The fix for the model is the dashboard piece that everyone underrates: show the bar, show the per-unit cost, show the running total. When the customer can see what they are doing, the on-demand model feels fair. When the meter is invisible, the model feels like a trap.

Choosing between flat monthly and on-demand

The decision framework, in three questions:

Is the unit visible to the customer? If yes, on-demand can work. If no, stay flat monthly with a hard cap.
Is the unit large enough to be worth paying for individually? A coding-agent session, yes. A single autocomplete, no.
Can the customer moderate consumption? If they can choose to fire it or not, on-demand fits. If the consumption is dictated by their workflow, flat-monthly-with-soft-cap fits better.

The hybrid that often wins

Most successful maker products end up at the hybrid: flat-monthly base plan with a soft cap (the included quota), on-demand overage above the cap at a published per-unit rate, and a visible dashboard at all times. The customer who never exceeds the quota sees a normal flat-monthly experience. The customer who does is opt-in to overage with a clear unit and clear price.

This is the model UsageBox, Metronome, Flexprice, and the others are converging on. It is also what the better-communicated AI products (Anthropic's API, OpenAI's API, Replit) actually ship. Cursor went there too, just with worse messaging.

What I would actually do

Default to flat monthly with soft-cap-and-overage. It is the model most customers understand and most products fit into.
Add on-demand-only ("pay as you go") plans for the heavy customers who specifically request them.
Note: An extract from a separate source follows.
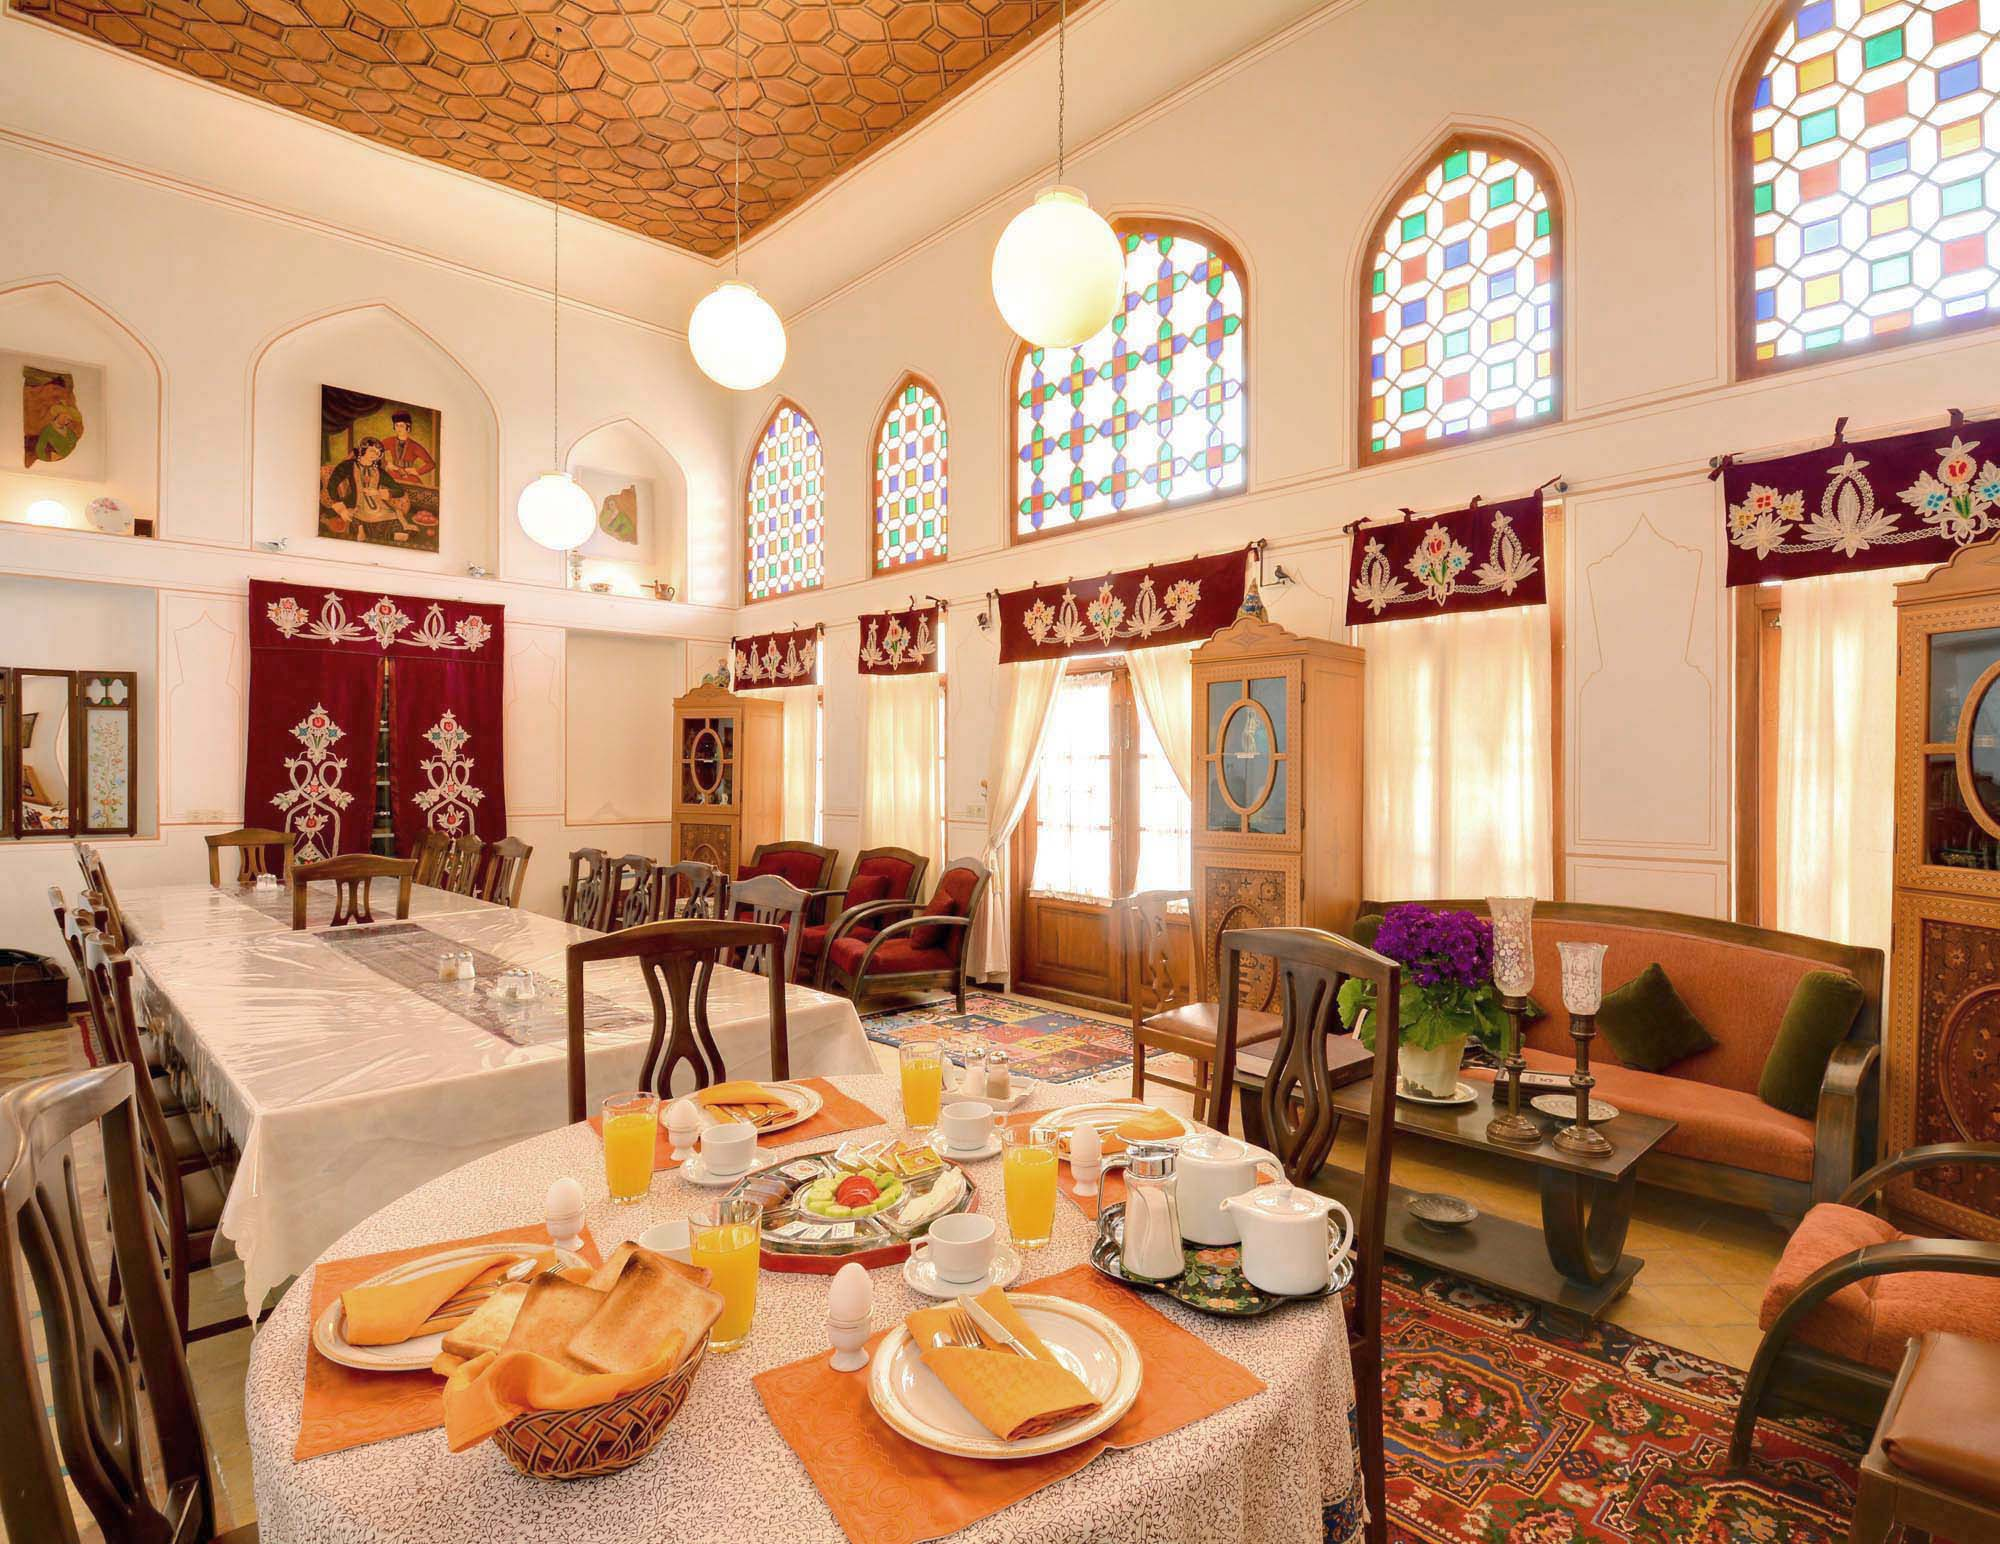 La casa storica di bekhradi friendlyiran for La mansion casa hotel apurimac
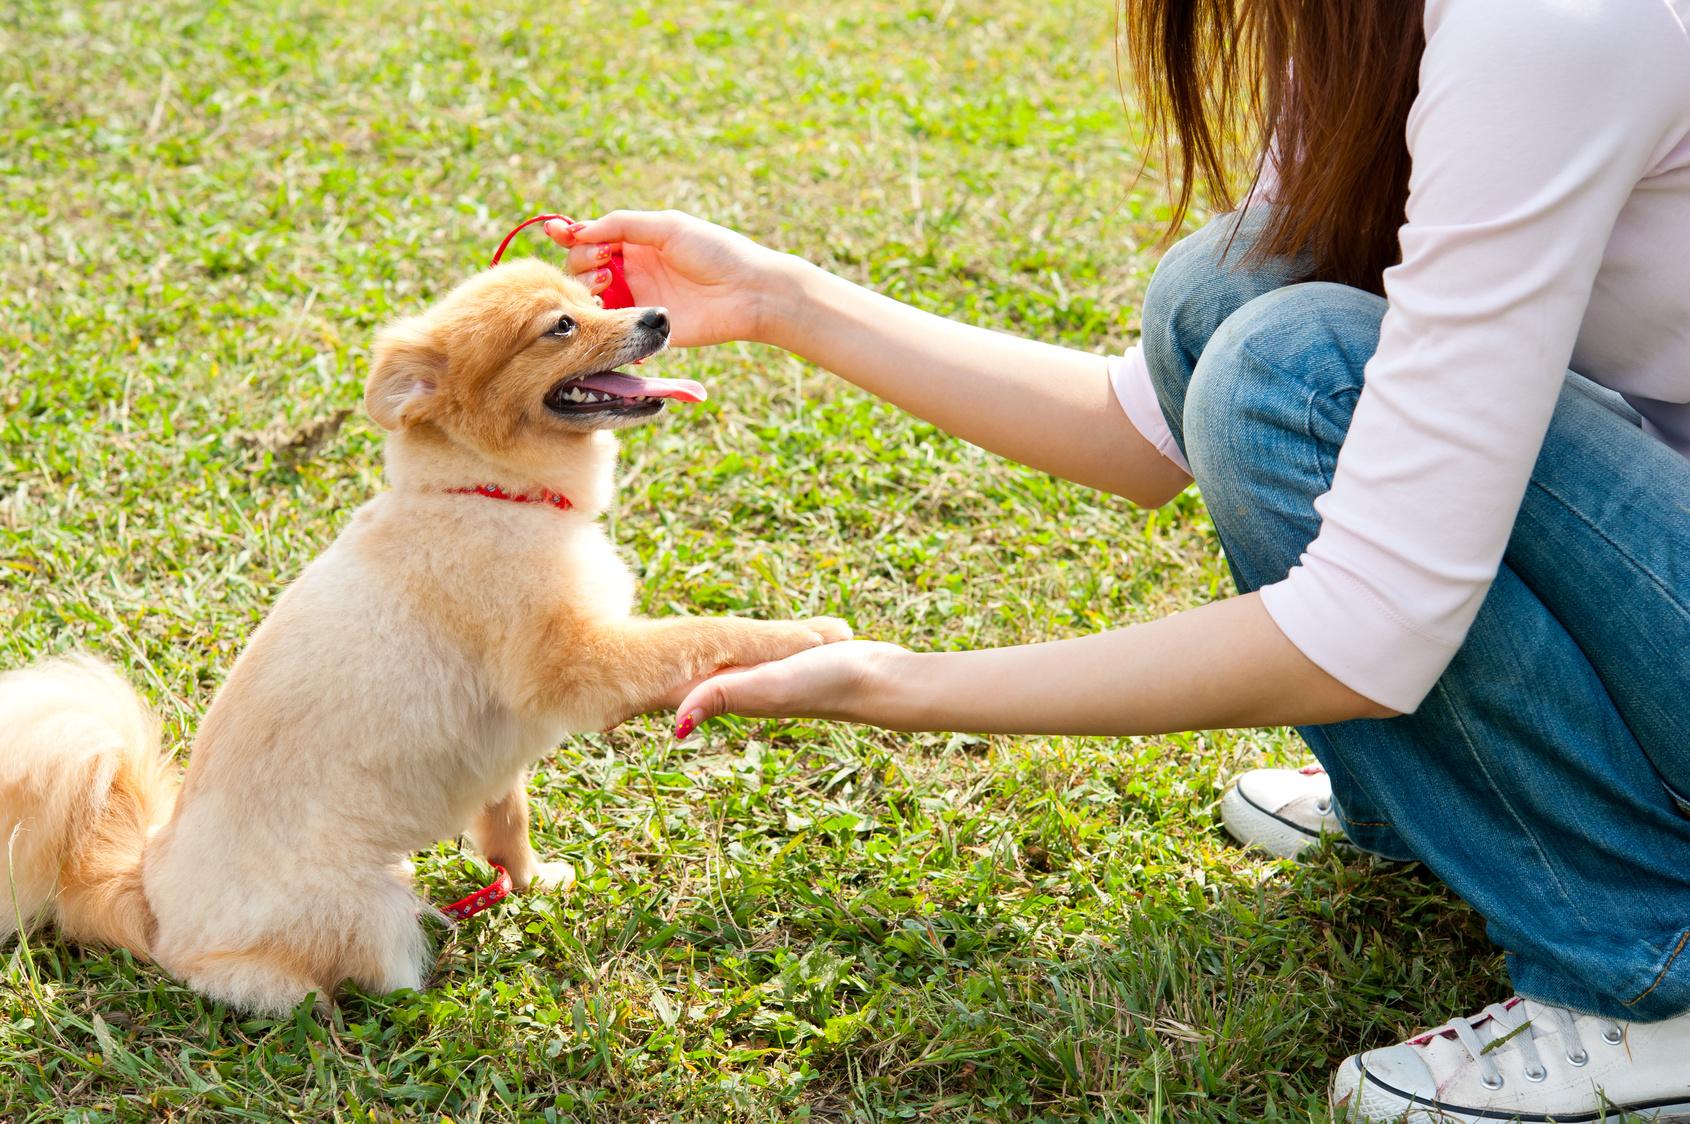 ワンちゃん大興奮!関東で犬が喜ぶお出かけスポット

Power users will tell you when they want this model.
Never ship on-demand without the dashboard. The dashboard is the model; the meter alone is a trap.
Communicate the cutover loudly. Email when the customer hits 50% and 80% of quota. Email when overage begins. Email on the first overage charge. Three friction touches beat one surprised invoice.

The honest framing: on-demand usage is a model that works when the customer can see the unit. If the unit is invisible, the model is a billing-mistake generator. Decide on visibility first, then the model follows.